By Margaret Gates, National Executive Director, 1983 –1993
As one of the co-founders of the Center for Women Policy Studies, I spent most of the 1970s on the advocacy front in Washington, working on behalf of legal and economic issues affecting women.
By the time the Girls Incorporated opportunity came up, a great many legal barriers to women had been successfully lowered. I realized that the destiny of the next generation of women would be determined not so much in Washington as in the minds of girls. I was excited by the promise of a national organization that had the potential to affect the way thousands of girls and young women made decisions about their careers, their sex lives and their identities as adult women.
When I came to the organization, most Girls Incorporated centers offered pretty typical after-school youth programs. Much was being made of the separateness from boys, but Girls Incorporated had to stand for something more substantial; it had to find a niche.
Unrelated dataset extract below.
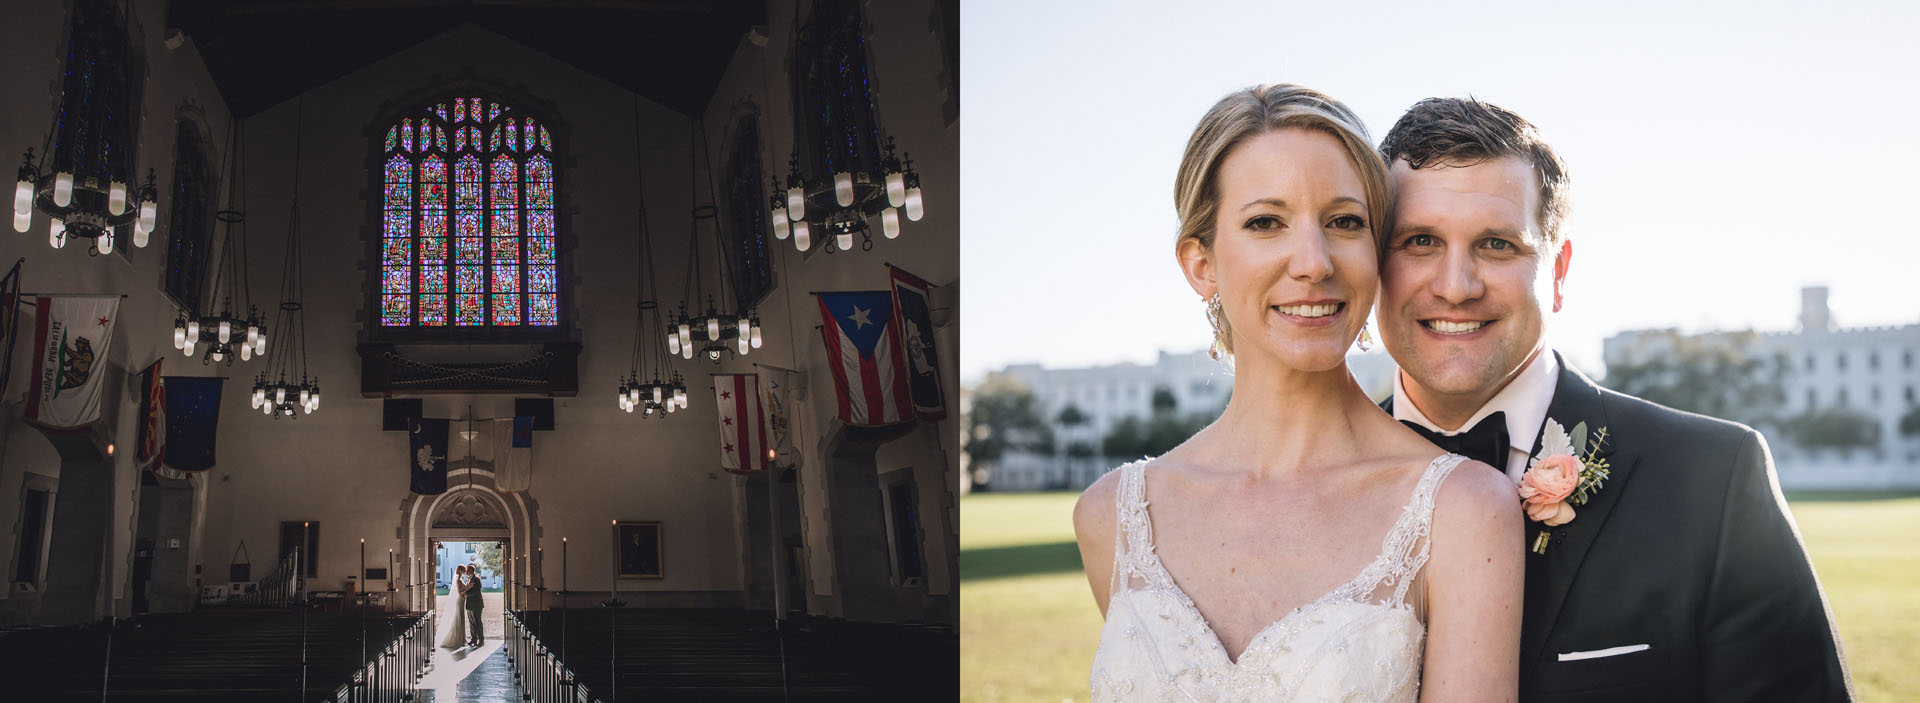 Wedding photography at Summerall Chapel

Edith Phelps had already bolstered the organization with research expertise and a willingness to confront controversial topics. Now we could take advantage of our special after-school opportunity to work with girls around issues that were better addressed in a single-sex environment.
Our program development to date had followed the standard way for national organizations to propagate good programming: finding local organizations that were doing interesting work and replicating those programs. But I saw that if we could raise the resources, we could develop innovative programs on a large, national scale that would be unlike anything anyone else was doing.
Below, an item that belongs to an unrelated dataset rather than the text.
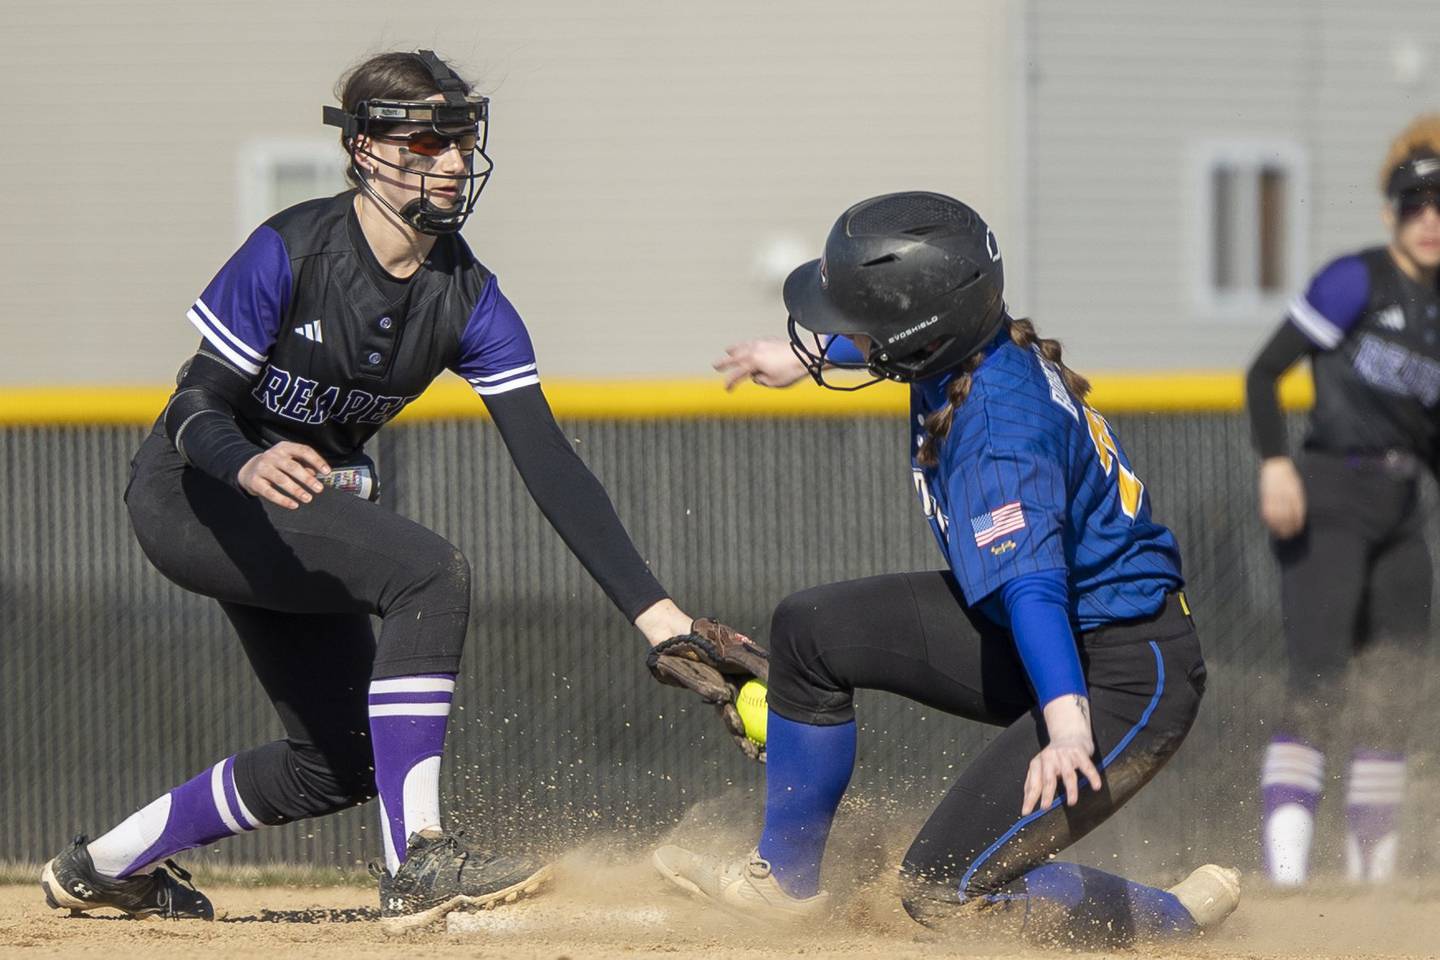 Plano's second baseman Taylor Downs applies the tag on a Somonauk baserunner during Monday's game in Plano.

The time was right. There were all these folks out there – child development experts, educators, women's colleges – who were talking about girls' needs, but they couldn't do anything without access to girls. When the foundations saw us, they knew they were looking at a good thing. We had the infrastructure for getting programs out to a quarter of a million girls around the country. Not only that, we wanted to do programming that a lot of other organizations wouldn't touch. Like sex education.
We were especially concerned about this issue because the profile of many of the girls we served was the same profile as those most at risk for early pregnancy. At the time, the only effort in this area was called family life planning. The idea was that you talk to young people about the appropriate time to have children, that children needed a home, that a home required marriage and marriage required thought and sex required marriage, and so forth. It wasn't all that effective.
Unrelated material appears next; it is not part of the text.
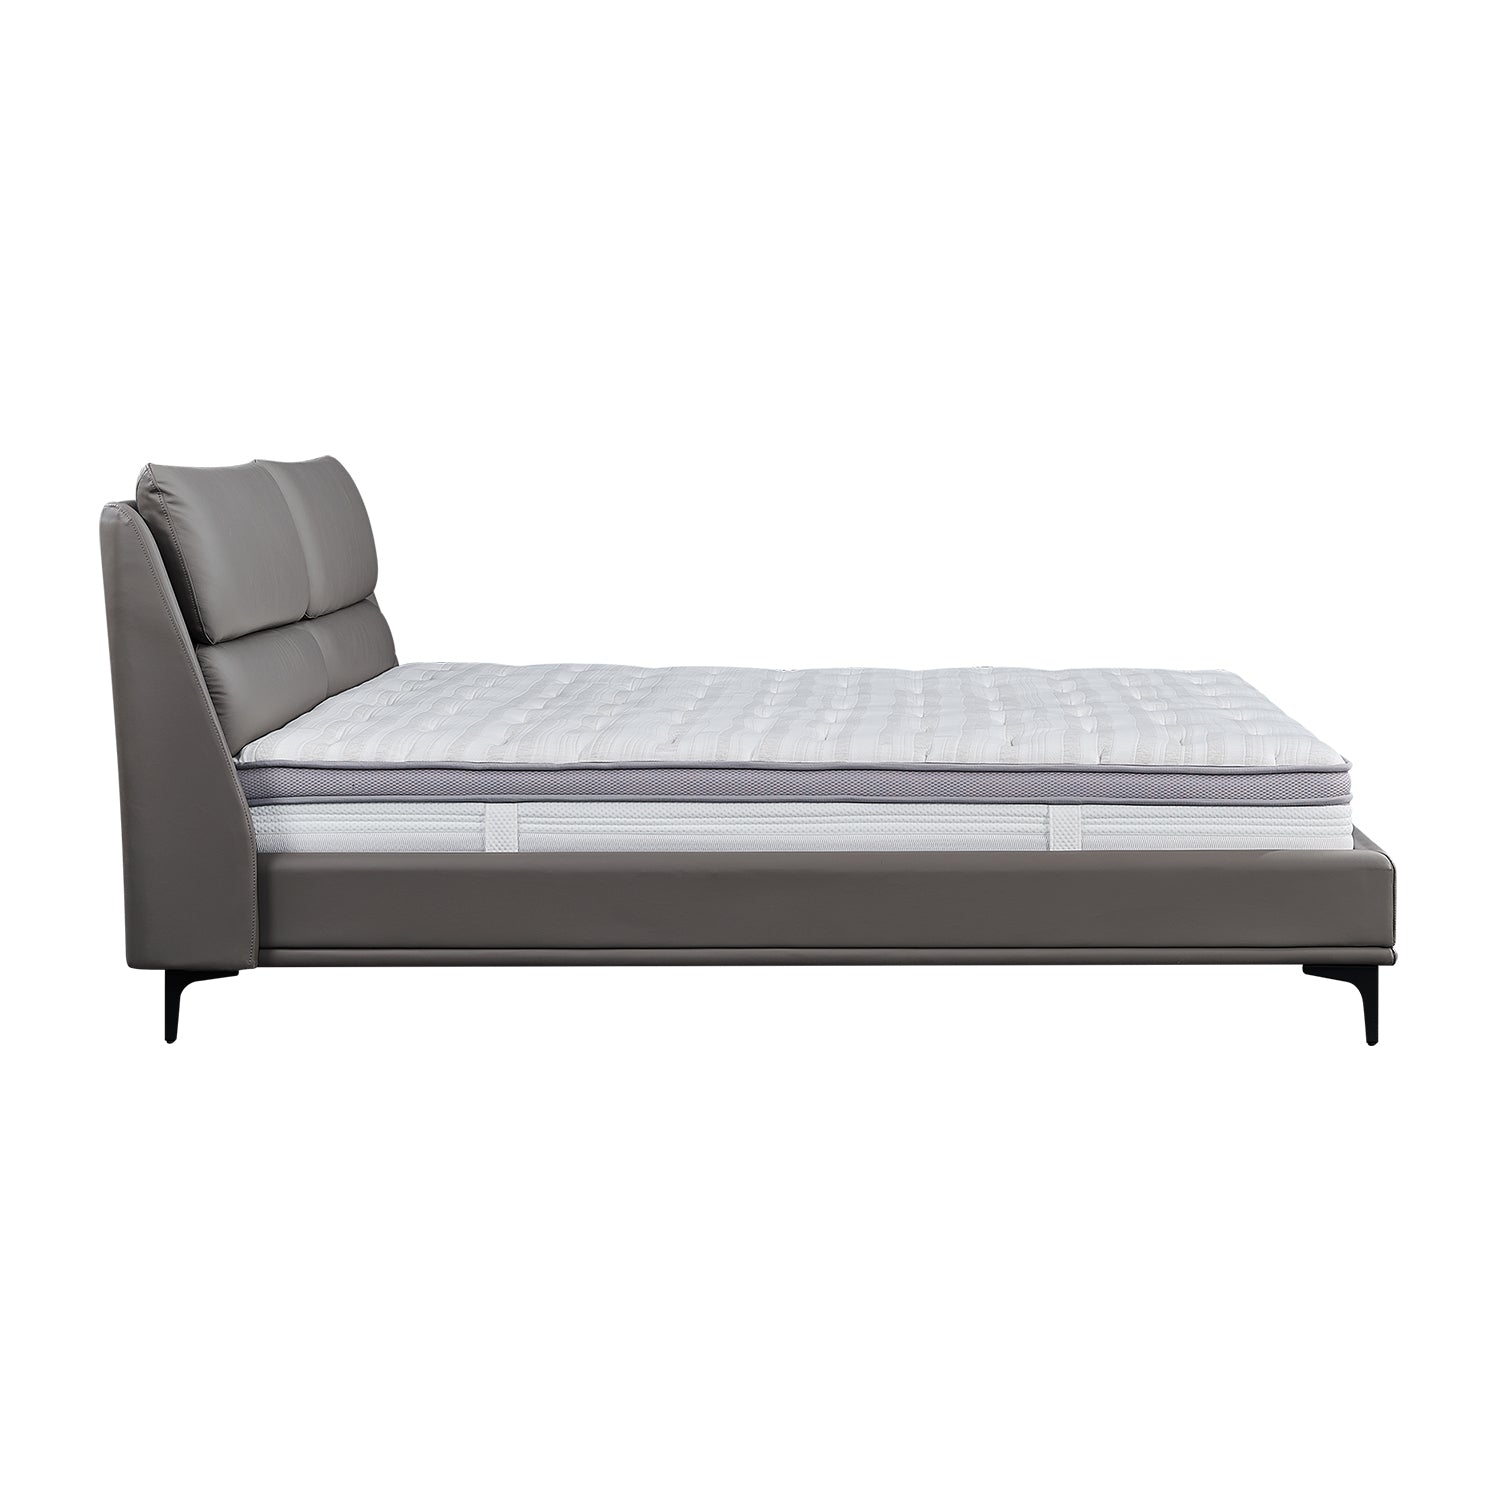 DeRUCCI Bed Frame BOC1 - 019, side profile view with gray leather frame, padded headboard, and mattress.

We decided to build a more comprehensive approach to sex education. The program we ultimately called Preventing Adolescent Pregnancy exposed the myths and imparted the truth, showing girls that they had the power to control their sexuality and their reproductive future. In a rigorous evaluation, this program was deemed successful in its dual goals of postponing the age of first sexual activity and reducing the incidence of adolescent pregnancy.
Our next program priority was to help prepare girls for success in the world of work. Everything pointed to the fact that future job growth was going to be in the technological areas. There would be a need for more people with skills in math and science – areas we knew that girls were still being socialized to avoid.
We developed Operation SMART, which emphasized hands-on activities, offering girls a way of learning that was linked to adventure and discovery. While other science educators were talking about this, a lot of the kids we served didn't have those opportunities in their local schools.
Then we decided to move beyond the individual program to build a framework of all the kinds of programming we needed. Our idea was that all local affiliates could share this program framework, so across the country people would know that if they had a local Girls Incorporated in their community, there was a strong likelihood that this high caliber of programs would be available.
Since local Girls Incorporated affiliate staff knew best about what girls in their communities needed, we formed a local and national collaboration to codify our program philosophy, and developed approaches in six program areas — careers and life planning; health and sexuality; leadership and community action; sports and adventure; self-reliance and life skills; and culture and heritage.
During the 1980s, we raised and invested more than $10 million to pioneer a process that involved affiliates in planning, piloting, evaluating and implementing groundbreaking new programs. To ensure that many more girls had access to these valuable programs, we made them available to other community organizations through a new form of membership: program associate, and formed a national collaboration with the YWCA of the U.S.A. to bring our programs to girls at YWCAs.
Our ever-expanding repertoire of programs became our way of getting beyond the rhetoric of gender equity, providing girls with the skills they'd need to achieve that equity.